→ YOUR OBJECTIVE:
Going from the top of the listing below to the line that holds "P/N: 249137; Type: LHL-X100 7 Lube", reproduce each line exactly; no pictures.

→ DATA SECTION:

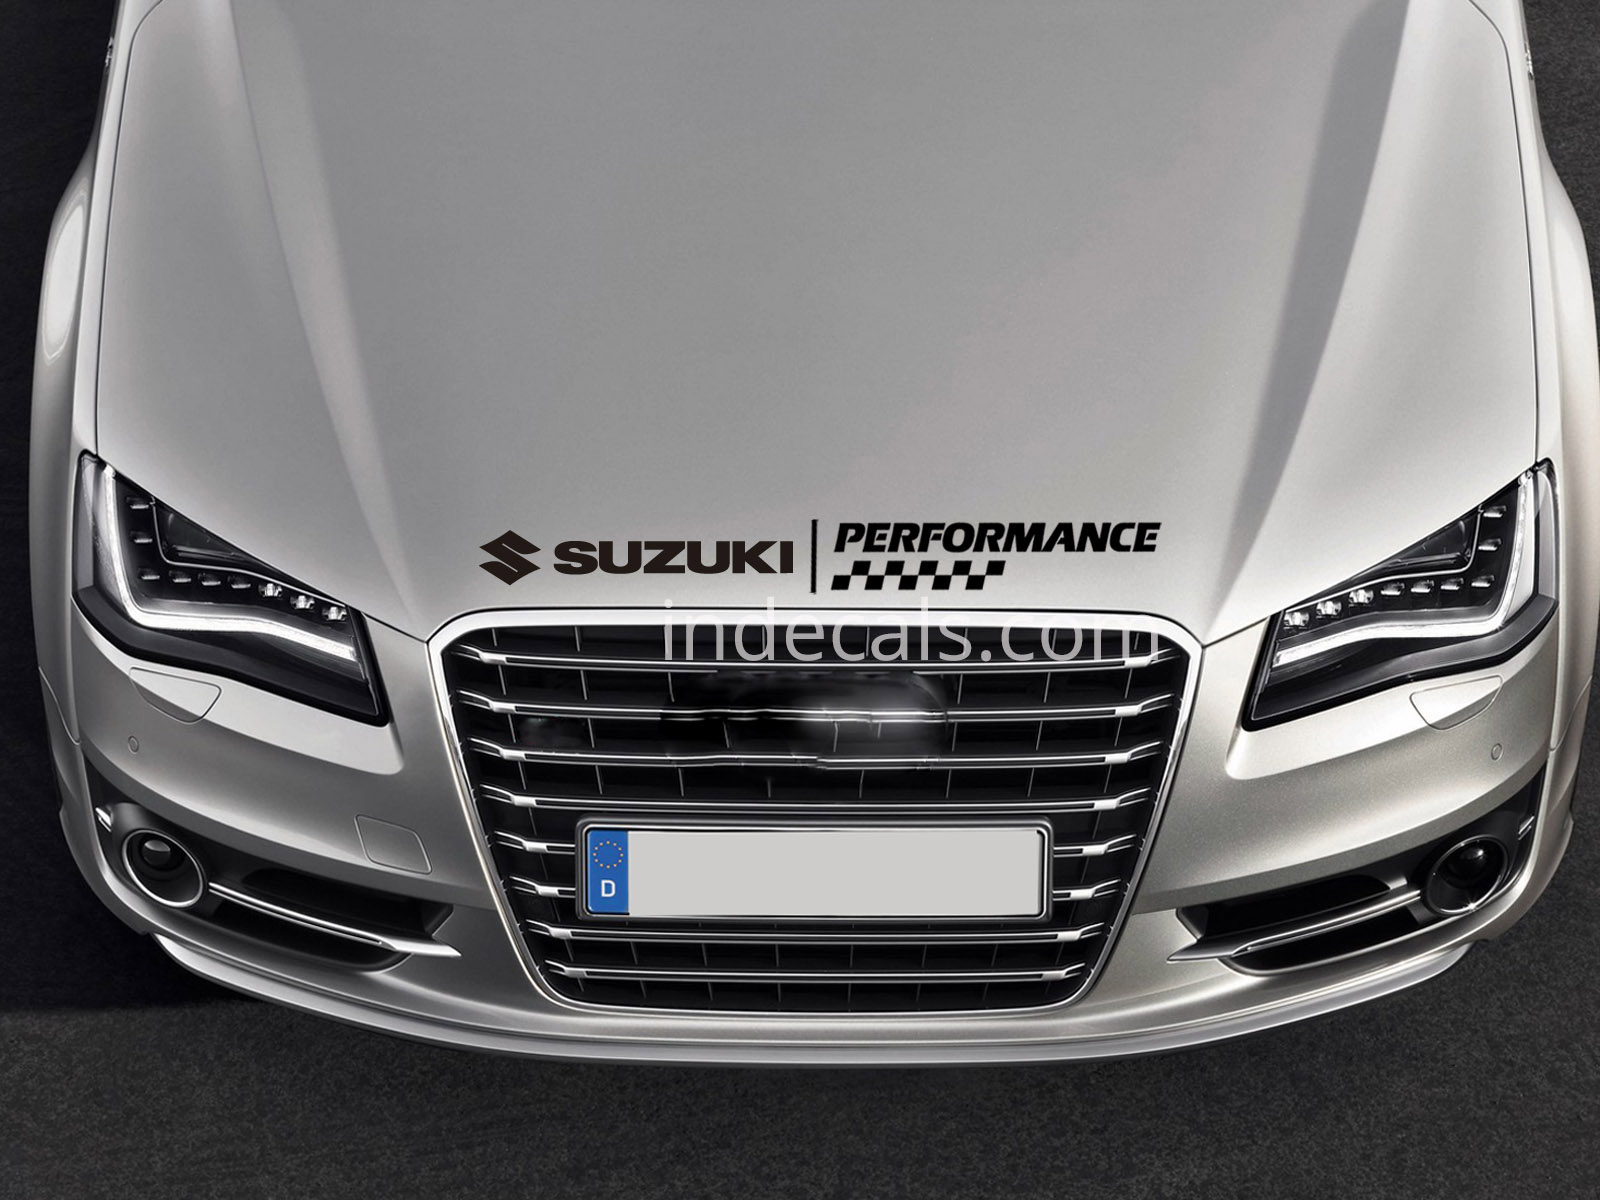 1 x Suzuki Performance Sticker for Bonnet - Black
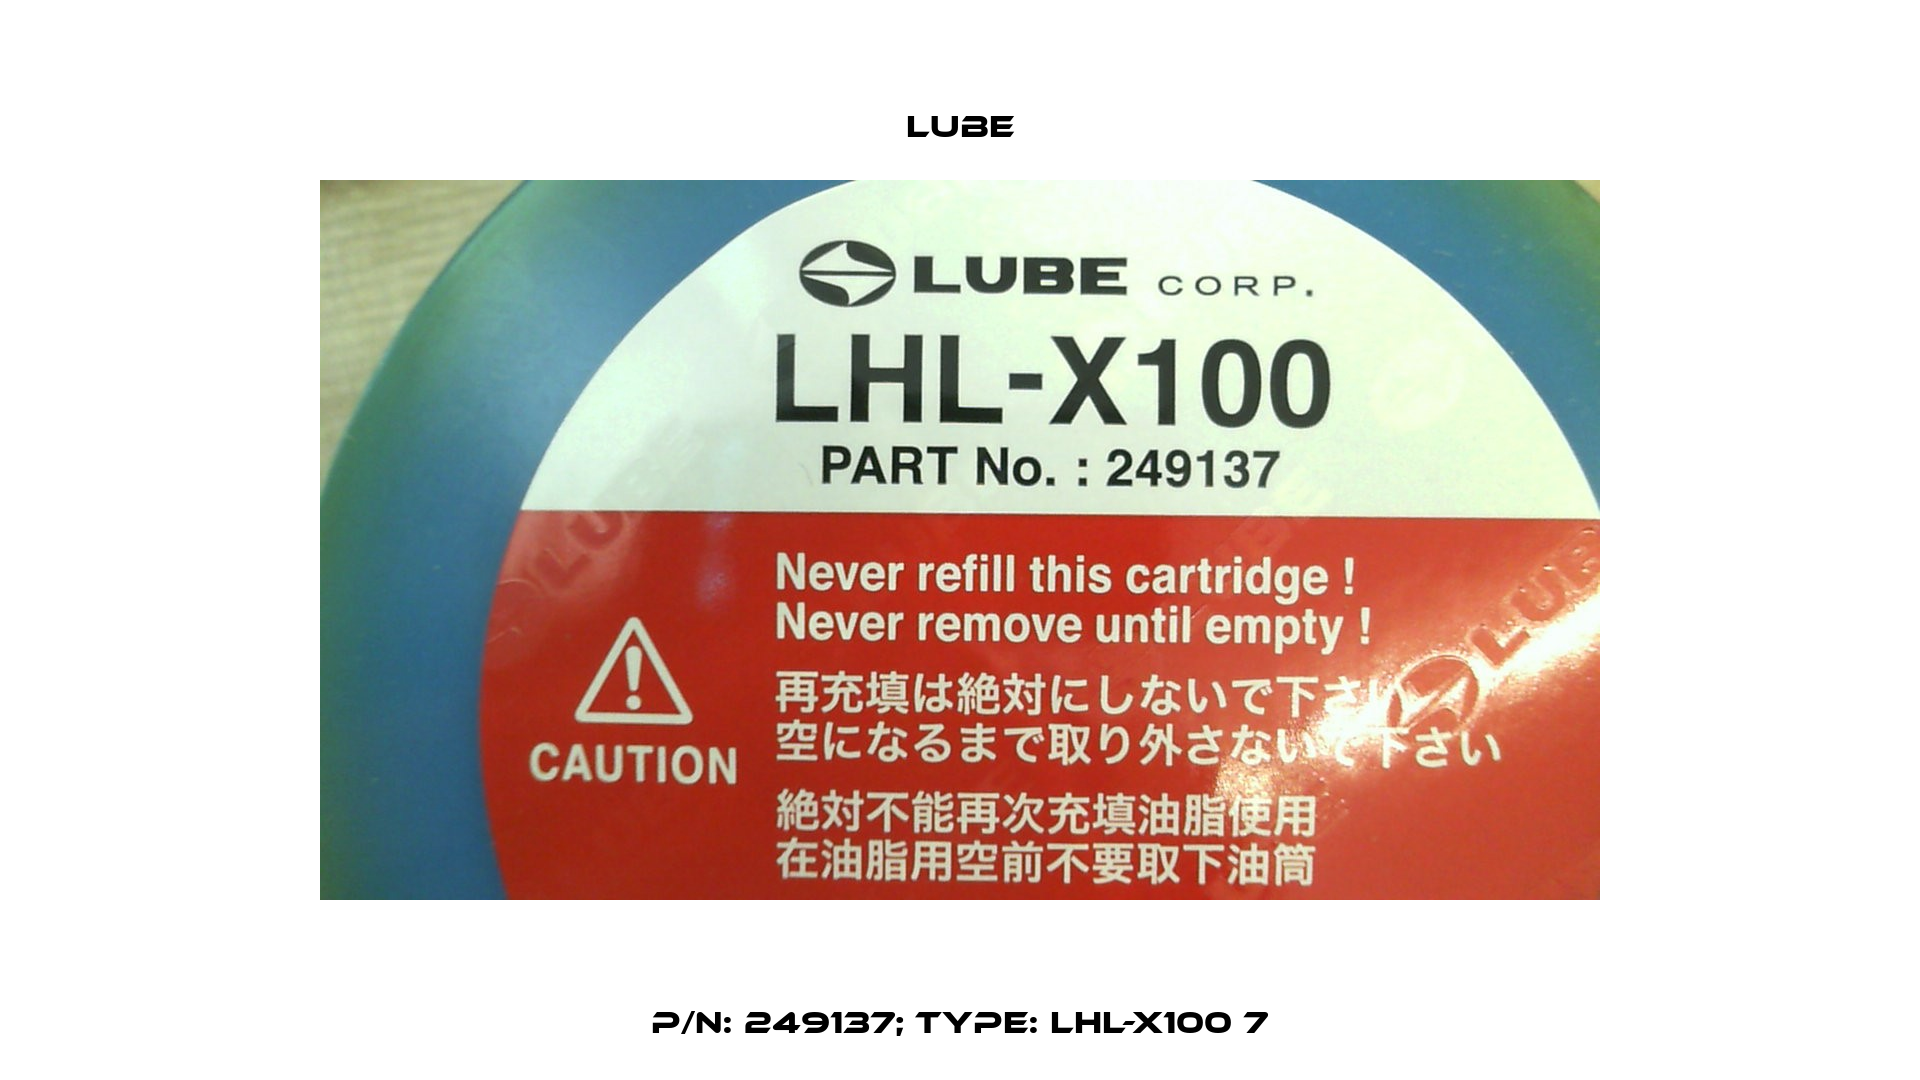 P/N: 249137; Type: LHL-X100 7 Lube
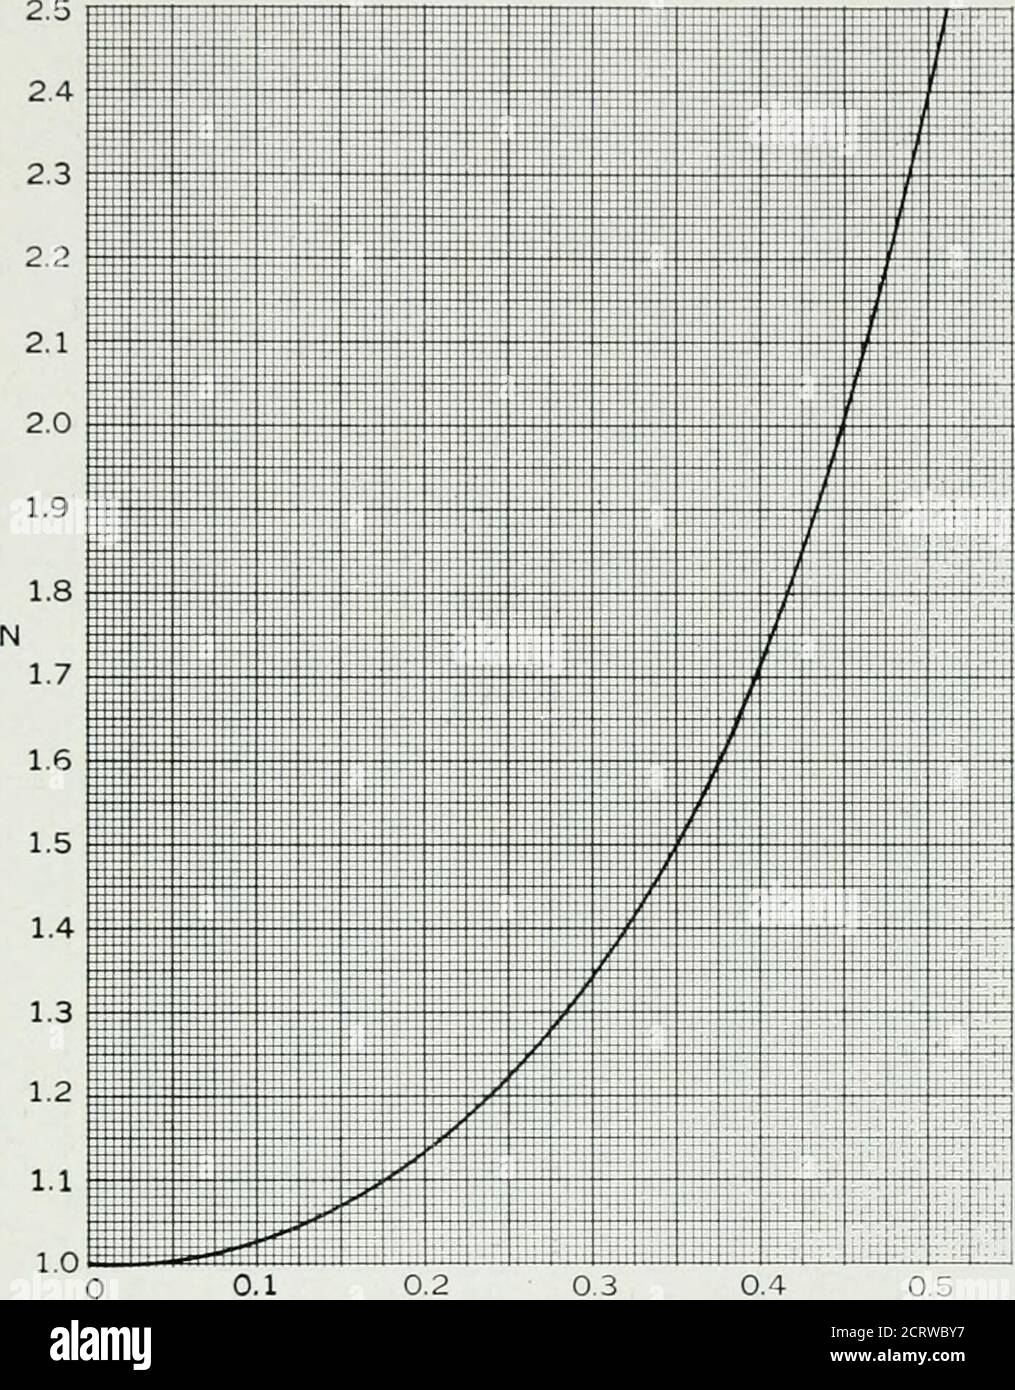 . Le journal technique de Bell System . 0.1 0.2 0.3 0.4 0.5 0 6 0.7 0.8 0 9 1.0 XO XFig. 1.8.1—courbe de conception de l'ensemble de ressorts de tension. Equation (1.8.1). 2. Entrez, à la ligne 2, la hauteur de chute (JT) en pouces. 3. Inscrivez, à la ligne 3, l'accélération maximale admissible (G,„) en unitsde nombre de fois la gravité, qui doit être déterminée avant la main à partir des essais sur l'article à emballer. 4. Entrez, sur la ligne 4, la cote 0:0 (pouces). DYNAMIQUE DE L'AMORTI 377 5. Entrez, sur la ligne 5, la cote / (pouces). Pour qu'un paquet ait la même fréquence de ressort dans toutes les directions, ( = XO/2 est un con- Banque D'Images
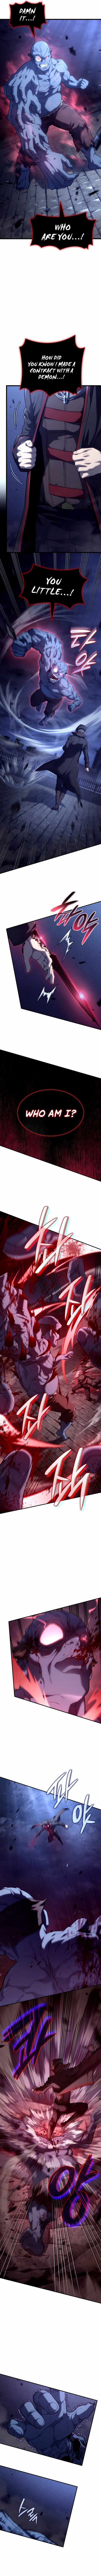 read Revenge of the Iron-Blooded Sword Hound Chapter 74 Manga Online Free at Mangabuddy, MangaNato,Manhwatop | MangaSo.com

→ TASK OUTPUT:
 1 x Suzuki Performance Sticker for Bonnet - Black
 P/N: 249137; Type: LHL-X100 7 Lube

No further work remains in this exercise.